Сын явно себя успел накрутить в дороге и жаждал разрядки. А вот на К’ирсана наоборот накатило удивительное спокойствие, так что в ответ на гневную тираду он невозмутимо предложил:
— Садись. И попробуй обрисовать своё понимание ситуации так, как я тебя учил.
На лице Яр’мира огромными буквами было написано всё то, что он думал о грядущей лекции, но перечить отцу не стал и, с грохотом отодвинув кресло напротив, порывисто сел.
— Ну? — поторопил его Кайфат, внезапно ощутив как через барьеры в глубине его разума просачивается многоголосое пение верующих во Владыку.
Система храмов работала как часы, и наступало время полуденной службы. Задумка с Двойником, аккумулирующим совокупную мощь веры подданных империи Сардуор, действительно давала резерв колоссальной мощи, однако кто мог предположить, во что это выльется для самого К’ирсана. Ведь неприятные шумы на грани слышимости это только цветочки, ягодки позже будут. Когда активизируется всё больше приобретающий черты божества Дух и начнёт потихоньку пробовать контролирующие его нити на прочность. Неосознанно — разума у него пока ещё нет, — но уже с пугающей регулярностью и настойчивостью.
«Поцелуй Кали, как же не вовремя. Яр’мир опять примет всё на свой счёт», — мысленно выругался Кайфат, не удержавшись от болезненной гримасы.
Точнее это для него она была болезненной, а вот со стороны — он проверял — та выглядела ну до крайности высокомерно, и в бытность капитаном наёмников К’ирсан самолично набил бы её обладателю рожу. Да уж, с таким лицом с сыном по душам не разговаривают…
Впрочем Яр’мир полностью оправдал его ожидания. И отзеркалил «высокомерие» отца.
— Я хочу знать, почему мы впустую растрачиваем потенциал империи и вместо того, чтобы взять своё и занять полагающееся нам место в этом грёбаном мире, изображаем беззубых дряхлых скортов⁈ — с ледком в голосе выдал он на одном дыхании.
— Как понимаю, взять своё, это завоевать весь материк, а полагающееся место, это трон мировых жандармов, который ранее принадлежал Нолду? — устало спросил К’ирсан, массируя уже начавший ломить висок. Сколько у них было таких разговоров, а наследничек всё не унимается. — Чем тебя не устраивают мои прошлые ответы?
— Ты про философию соперничества? — фыркнул Яр’мир, заставив прячущуюся глубоко в сердце Кайфата змею гнева поднять голову.
Таким тоном с императором-магом дозволялось разговаривать только его детям, но даже при общении с ними чужая дерзость вызывала вполне однозначную реакцию.
— Про её самую. А ещё про то, что соседство с заметно изменившимися эльфами даст нам неизбежную гонку вооружений, соревнование магических школ и не позволит скатиться в деградацию, как было с прочими «гегемонами», — сказал К’ирсан, стараясь сохранять ровный тон.
— Но против поглощения Заурама и теперь вот Загорья я что-то не припомню, чтобы ты возражал! — парировал Яр’мир, явно ничуть не убеждённый.
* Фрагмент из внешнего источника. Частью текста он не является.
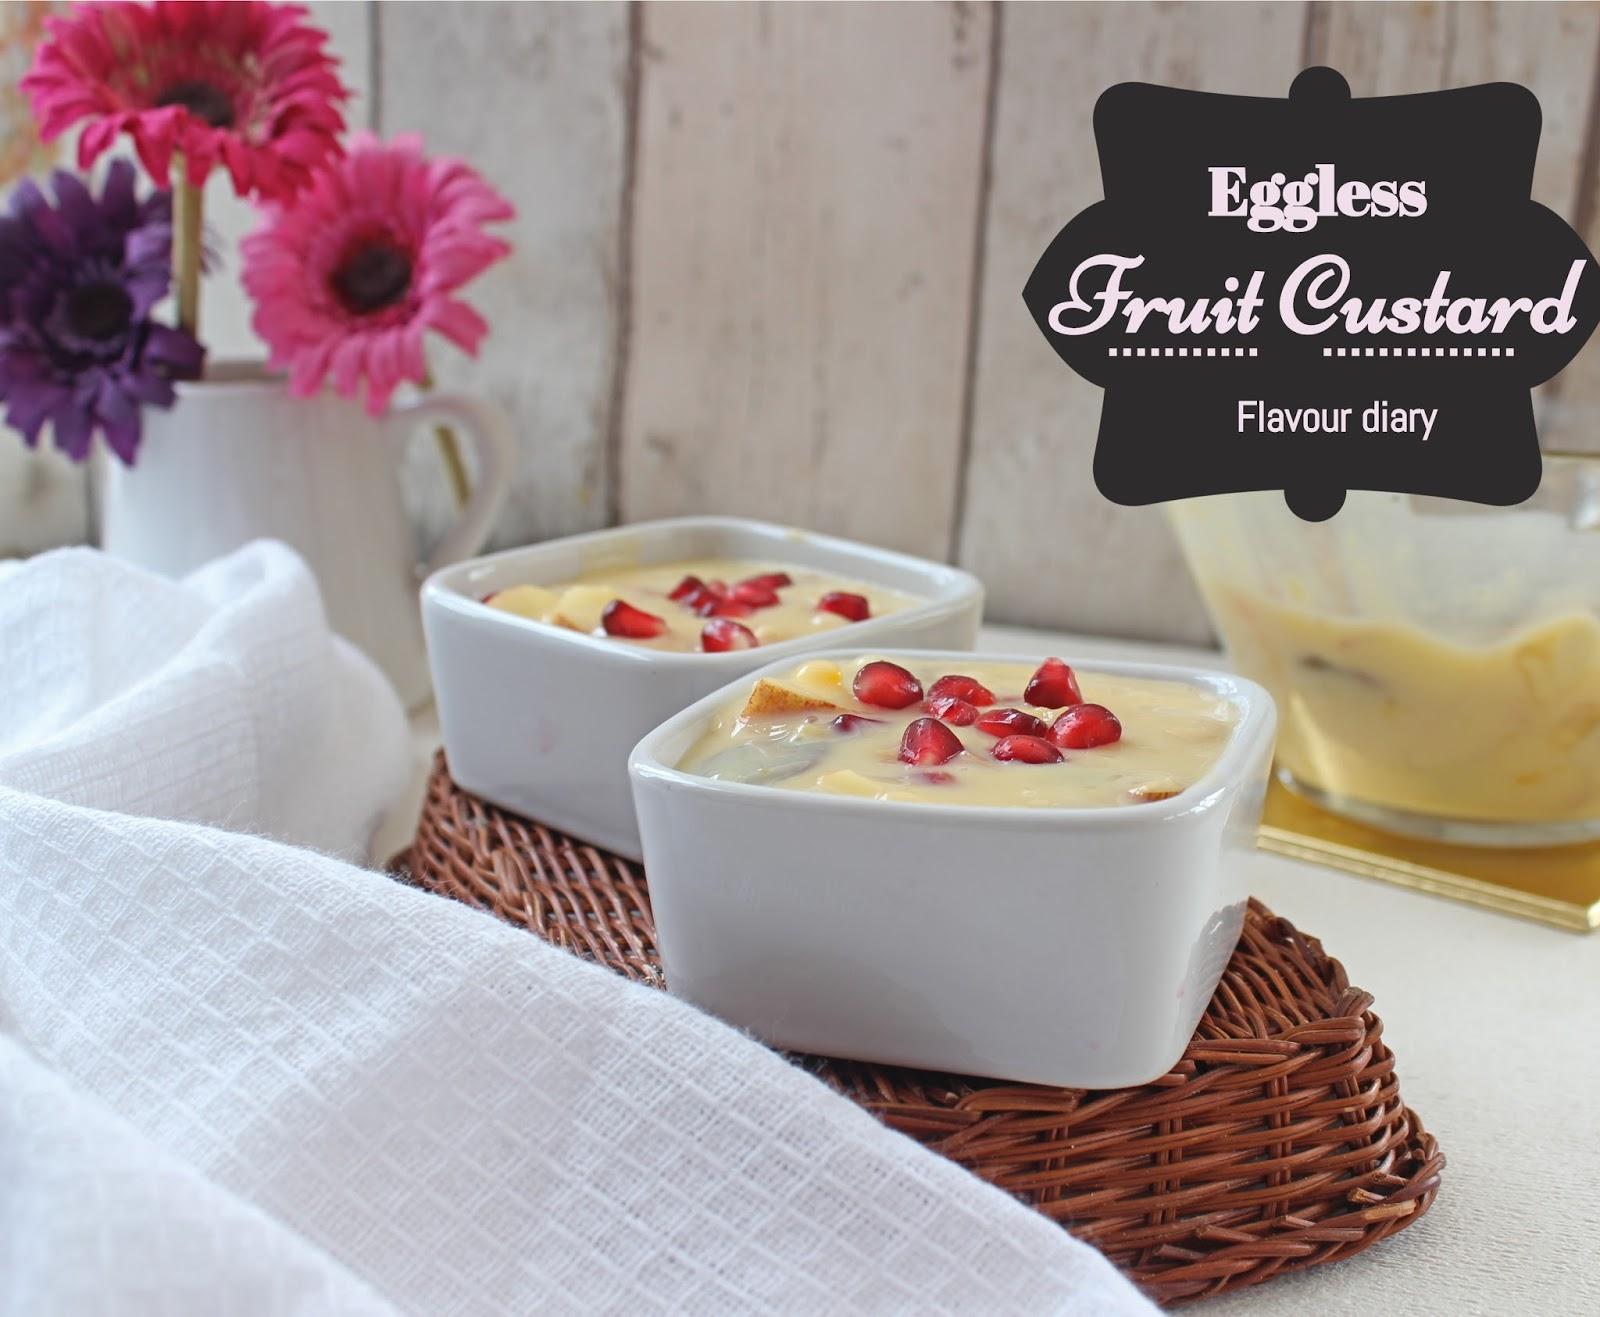 Eggless Indian Fruit Custard recipe

— Они богаты людьми, землями, ресурсами, при этом столетиями киснут на одном уровне развития. Такие полезными конкурентами не станут никогда: они вечные ведомые, но никак не ростки будущих цивилизаций. Их удел — превращение в мелких вредителей на службе заморских игроков. Вредителей, весь смысл существования которых будет заключаться лишь в ведении бесконечной вялотекущей войны с нами… — принялся излагать К’ирсан, с трудом сдерживаясь, чтобы не начать разминать ногу с прикреплённым протезом. — Впрочем, я тебе всё это объяснял уже не раз и не два…
— Да, да, да… И Нолду мы не уподобляемся потому, что нам нужны союзники и торговые партнёры, а не рабы! Действительно всё было и всё слышал, — сказал Яр’мир, морщась. Потом немного помедлил, покрутил в руке тут же наполненный вином бока и, залпом его выпив, решительно выдал: — Вот только знаешь что, отец? Я думаю, главная причина такой пассивности в другом. Просто ты устал!
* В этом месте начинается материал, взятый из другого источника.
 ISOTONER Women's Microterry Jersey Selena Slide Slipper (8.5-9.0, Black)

И это было неожиданно. Честно говоря, К’ирсан Кайфат давно ждал чего-то подобного, но Яр’мир всё тянул и тянул с разговором, так что начало казаться, будто он и вовсе никогда на него не решится. Там, где от будущего императора требуется воля и напор, сын проявлял постыдную слабость. И тут уже не понять — то ли это было влияние погибшей во время одной из попыток мятежа матери, то ли страх перед властным отцом, — но то, в чём он собирался обвинить К’ирсана, принц был грешен сам.